What Is Decision Analysis (DA)?
Decision analysis (DA) is a systematic, quantitative and visual approach to addressing and evaluating important choices confronted by businesses. Decision analysis utilizes a variety of tools to evaluate all relevant information to aid in the decision making process and incorporates aspects of psychology, management techniques and training, and economics. It is often used to assess decisions that are made in the context of multiple variables and which have many possible outcomes or objectives. It can be used by individuals or groups attempting to make a decision related to risk management, capital investments and strategic business decisions. A graphical representation of alternatives and possible solutions, as well as challenges and uncertainties, can be created on a decision tree or influence diagram. More sophisticated computer models have also been developed to aid in the decision analysis process.

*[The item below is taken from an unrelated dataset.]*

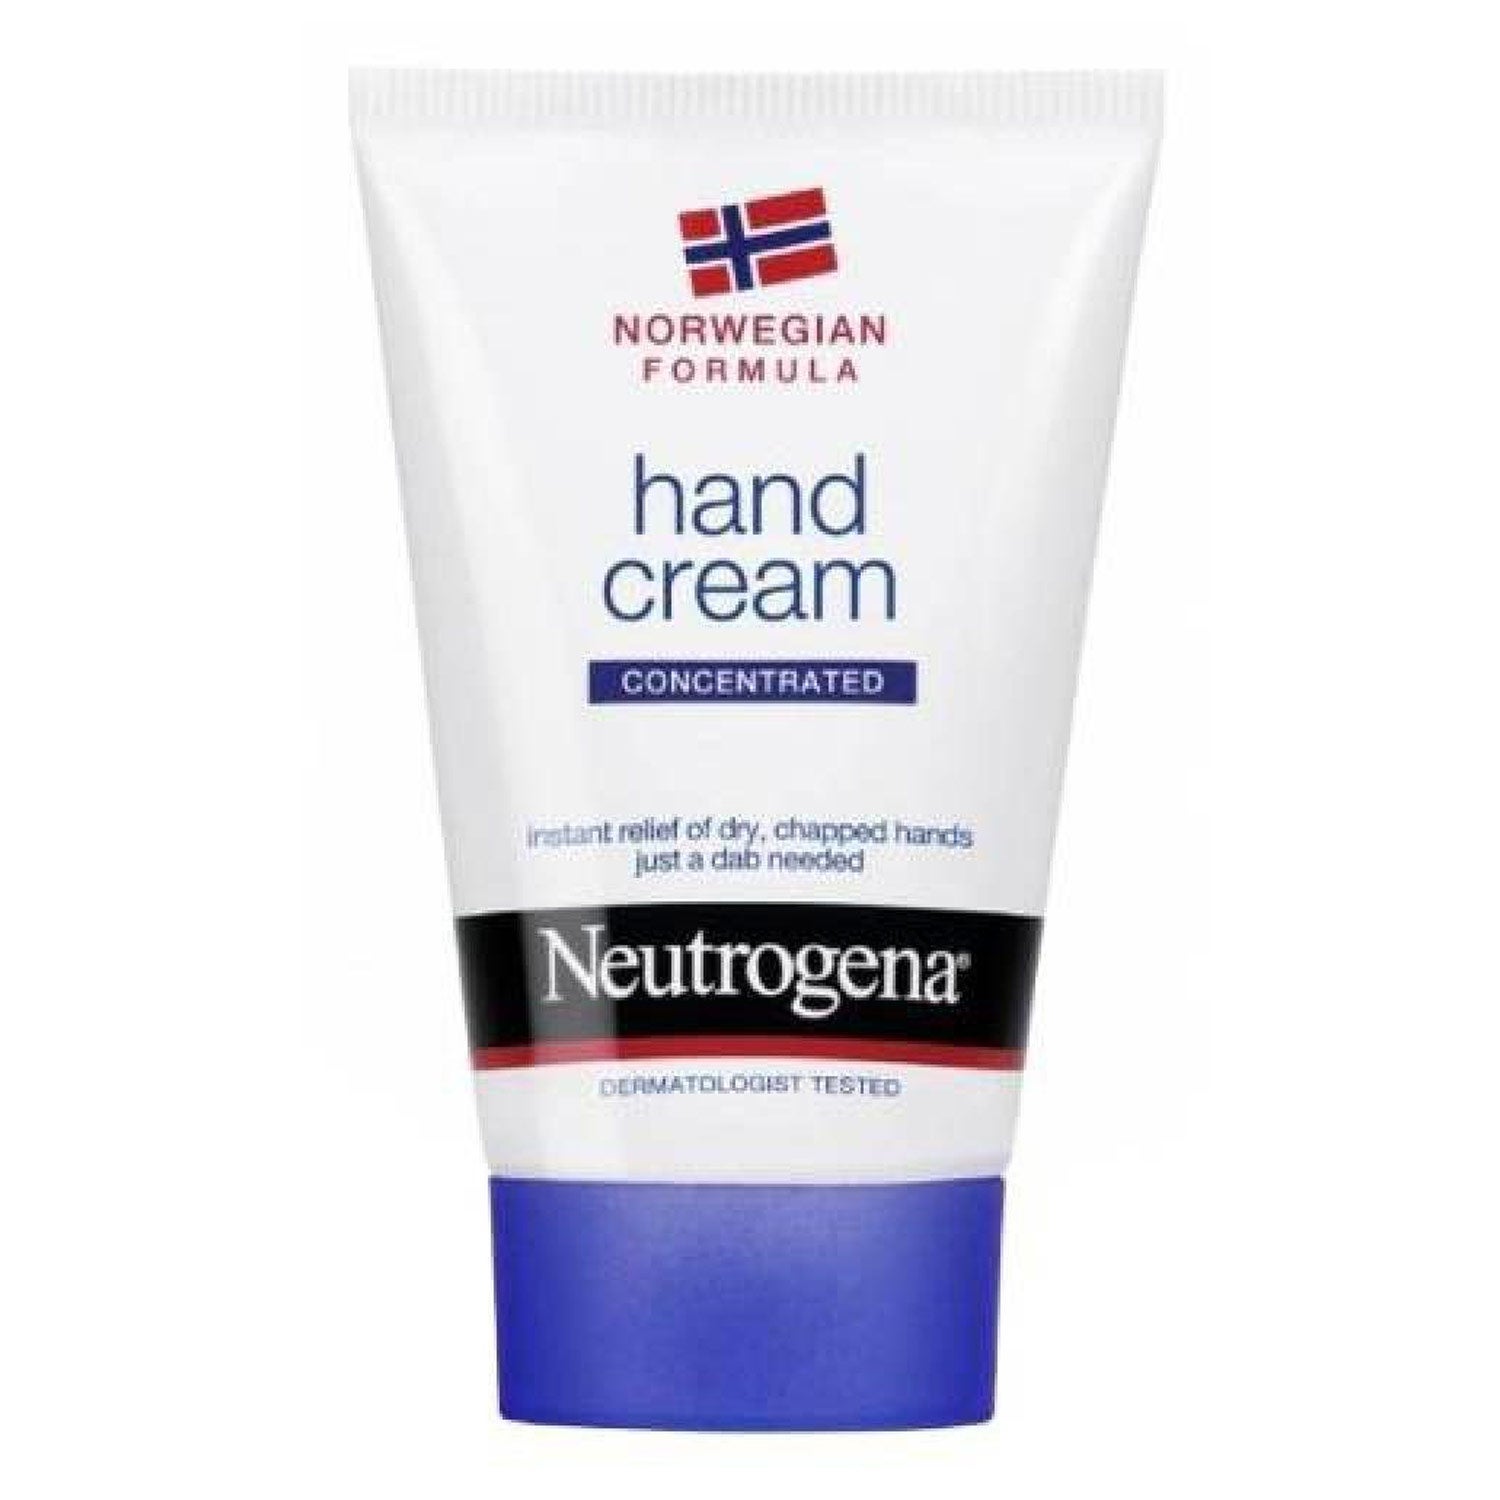 Neutrogena hand cream.

The term decision analysis originated in 1964 by Ronald A. Howard, professor of Management Science and Engineering at Stanford University.
Understanding Decision Analysis (DA)
Decision analysis (DA) can be employed by large and small corporations alike when making various types of decisions including management, operations, marketing, capital investments or strategic decisions.
Example of Decision Analysis
For example, if XYZ real estate development company was deciding whether or not to build a new shopping center in a location, they might examine several pieces of input to aid in their decision-making process. These might include traffic at the proposed location on various days of the week at different times, the popularity of similar shopping centers in the area, financial demographics and spending habits of the area population, local competition, and preferred shopping habits of the area population. All of these items could be put into a decision analysis program and different simulations could be run that would help XYZ company make their decision about the shopping center.
Despite the helpful nature of this tool, critics of decision analysis cite "analysis paralysis," which is the over-thinking of a situation to the point that no decision can be made, as a negative and likely outcome of decision analysis practices. In addition, some researchers who study the methodologies utilized by decision makers argue that this type of analysis is not often used.